To abstractly explain ink cure, I am stating 'principles' to cement rules in peoples minds - especially when they are not measuring the shirt temperature as the ink cures.

If I calibrate my oven or dryer to heat the printed shirt to a maximum of 320˚F I don't understand how it is _impossible_ to sustain that temperature. 

If you calibrate your oven or dryer to heat the cabinet so shirts can go to 500˚F, you have to become an expert at timing exactly how long you can afford to allow the shirt to stay in the cabinet, before the shirt starts to smoke & burn.



JeridHill said:


> Most dryers I know are well over in order for the ink to reach the number needed.
> 
> So even though what you are saying is correct about it staying at 320˚, in all likely purposes, it won't stay at 320˚ if you let it set for 15 seconds or 60+ minutes because the drying units are rated at much higher temperatures.
> 
> ...


My point is that using high heat is tricky because you can damage the print if you expose the shirt too long. You can hurt yourself with a chain saw if you keep cutting down toward youronce the log is cut in two. 

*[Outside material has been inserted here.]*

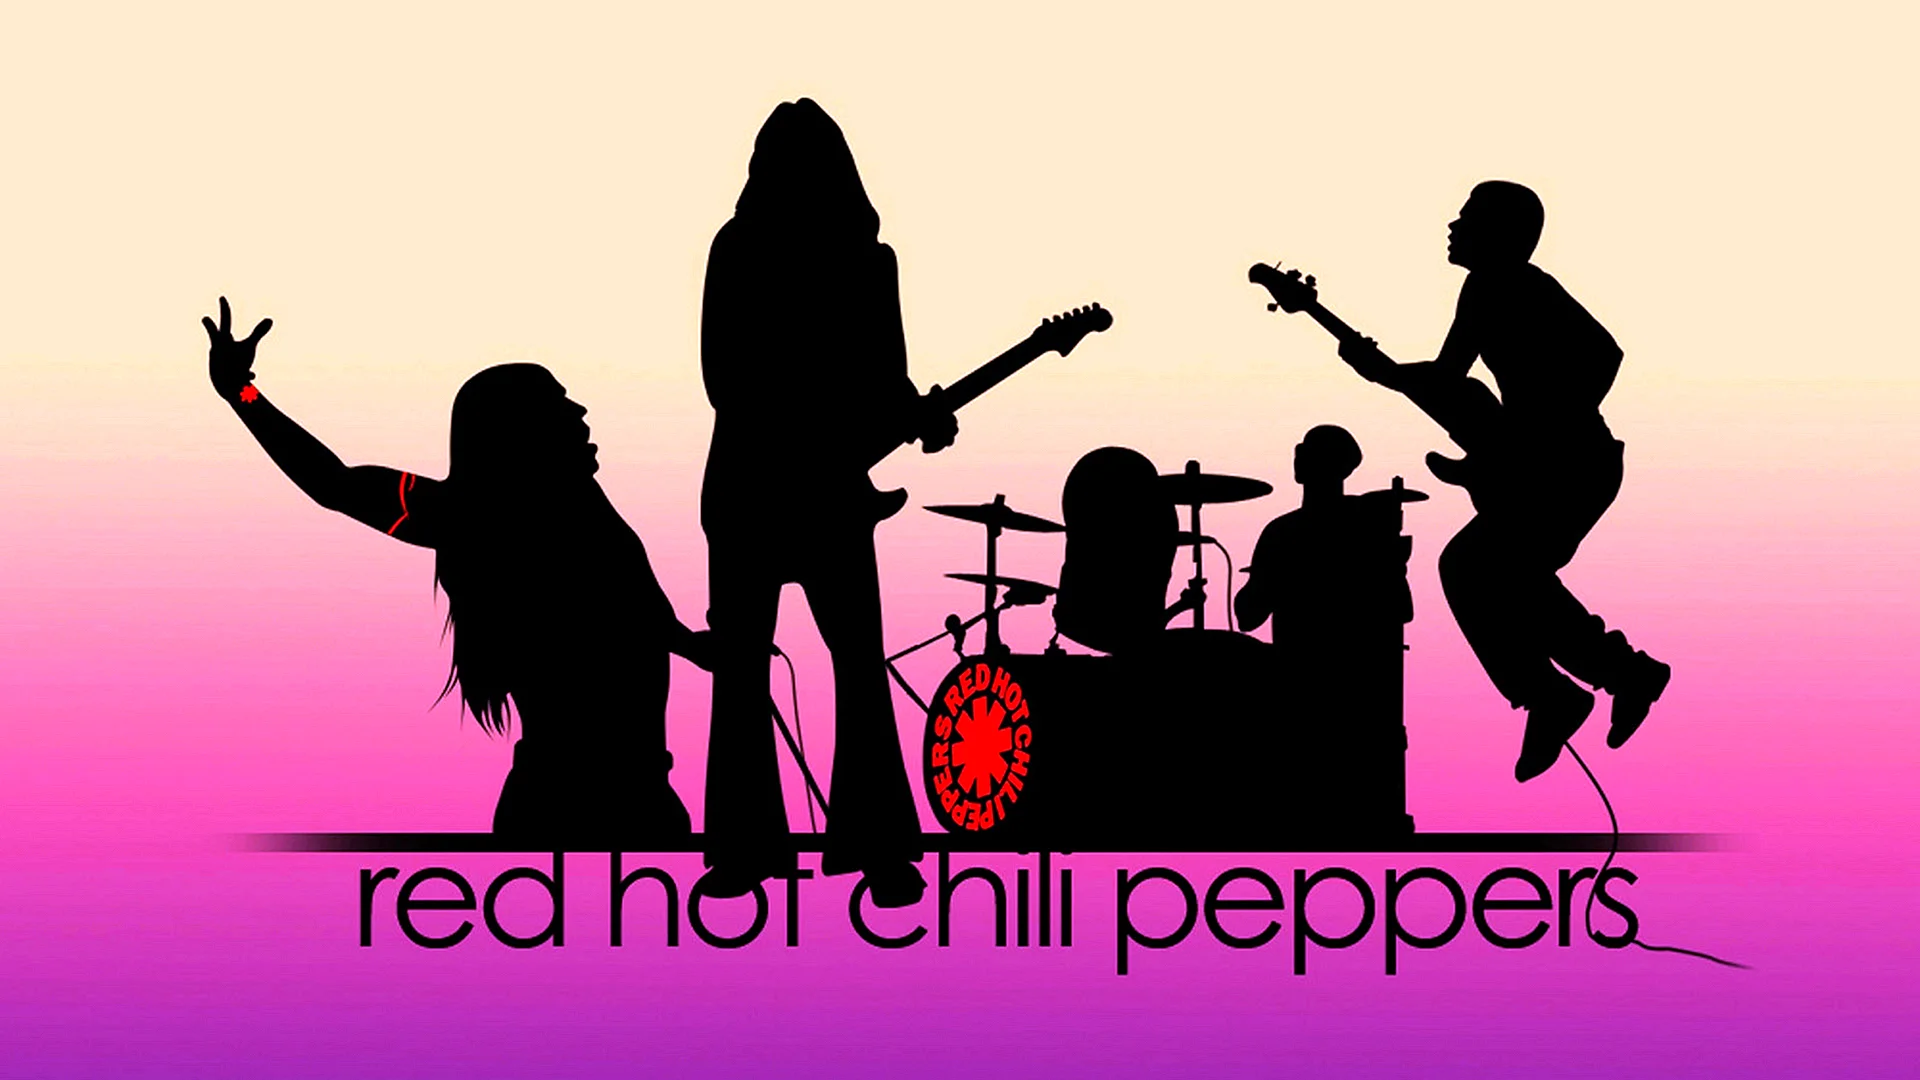 Red Hot Chili Peppers Art Wallpaper

If you over heat the shirt because you're in a hurry or your budget made you buy an oven that wasn't good enough to handle as many shirts per hour as you would like I understand how you think my abstract principles about PVC resin inks are impossible.

And yes, I do admit that there are many plastisols that will discolor (turn brown) & brittle, after 10 or 20 minutes at only 320F, but there are many that won't react and get brittle with long cure times.


----------



## tlbays (Apr 9, 2008)

Hi all

I'm relatively new to these boards, but I've noticed that many posters use a surprising variety of heat sources and methods to cure shirts.
Screen policing this variable and its variables will make a respondent dizzy without a complete laundry list of all aspects of their "curing system".

Speaking of laundry lists, I couldn't help notice Erin commending Cornerstone's wash test.

Despite the import of theory, even Union Ink suggests it as the ultimate verfication, regardless of controls even they put forth:

(Reprinted from the "Article" section of their website; courtesy of Union Ink Company) 

*Important Curing Tips*

White ink requires the longest cure time of any standard color. Light ink colors require longer curing periods than dark colors. Thick ink layers require longer curing periods than thin layers.
Glitter, shimmer, reflectivem, and metallic inks require longer curing periods because the pigments used in these inks tend to reflect infrared radiation (heat).
Prints (both on paper and garments) should be cured within a minute of printing. If you delay curing, the plasticizer in the ink may start to leach out of the ink into the substrate. This will look like an oily margin around the print.
Temperature tapes are not exact. They can vary as much as 10-20º F (5-10º C) and should be used only as a guide. The definitive test is how well the print launders.
Dryer temperatures can vary greatly with just minor changes in belt speed, garment loading, room temperature, air movement, or fluctuations in incoming voltage.
Happy trails!


----------



## JeridHill (Feb 8, 2006)

RichardGreaves said:


> If I calibrate my oven or dryer to heat the printed shirt to a maximum of 320˚F I don't understand how it is _impossible_ to sustain that temperature.


I believe I was speaking more of off the shelf flash units and dryers where people buy them, install them, use them. Never calibrating.

Obviously if you calibrate it to 320˚ and never more, then it can't go higher than the heat set. That being said, I know of so many screen printers that are using a flash unit to cure their shirts. I don't recommend that, but if someone is on a budget, then do it on a cart away from the press. To my knowledge, most flash units can't be calibrated (at least easily) to maintain a certain heat limit. Maybe they can, I don't know for sure. If so, then I believe it should come standard as a feature.


----------



## jmlampert23 (Nov 7, 2008)

Pwear said:


> Yes actually, it does. The chemical reaction that occurs when the ink cures, occurs at 320 degrees (or so, depending on the ink). Once it reaches that temperature through and through, the ink is cured. Leaving it there for 10 extra seconds is not going to cure it more.


 
that is 100% true but you are not going to get it up to 320 all the way through the ink with out letting it dwell in the dryer for a little bit of time. that is why you have a dryer belt with a speed control


----------



## JeridHill (Feb 8, 2006)

jmlampert23 said:


> that is 100% true but you are not going to get it up to 320 all the way through the ink with out letting it dwell in the dryer for a little bit of time. that is why you have a dryer belt with a speed control


This is true with white ink more so because it's thicker. If you are printing basic prints, the ink isn't thick enough to worry about it. But white ink, to get a good lay down, you flash and print over top of the ink. The more layers of ink you have, this is more of an issue.


----------



## Pwear (Mar 7, 2008)

jmlampert23 said:


> that is 100% true but you are not going to get it up to 320 all the way through the ink with out letting it dwell in the dryer for a little bit of time. that is why you have a dryer belt with a speed control


True, true.


----------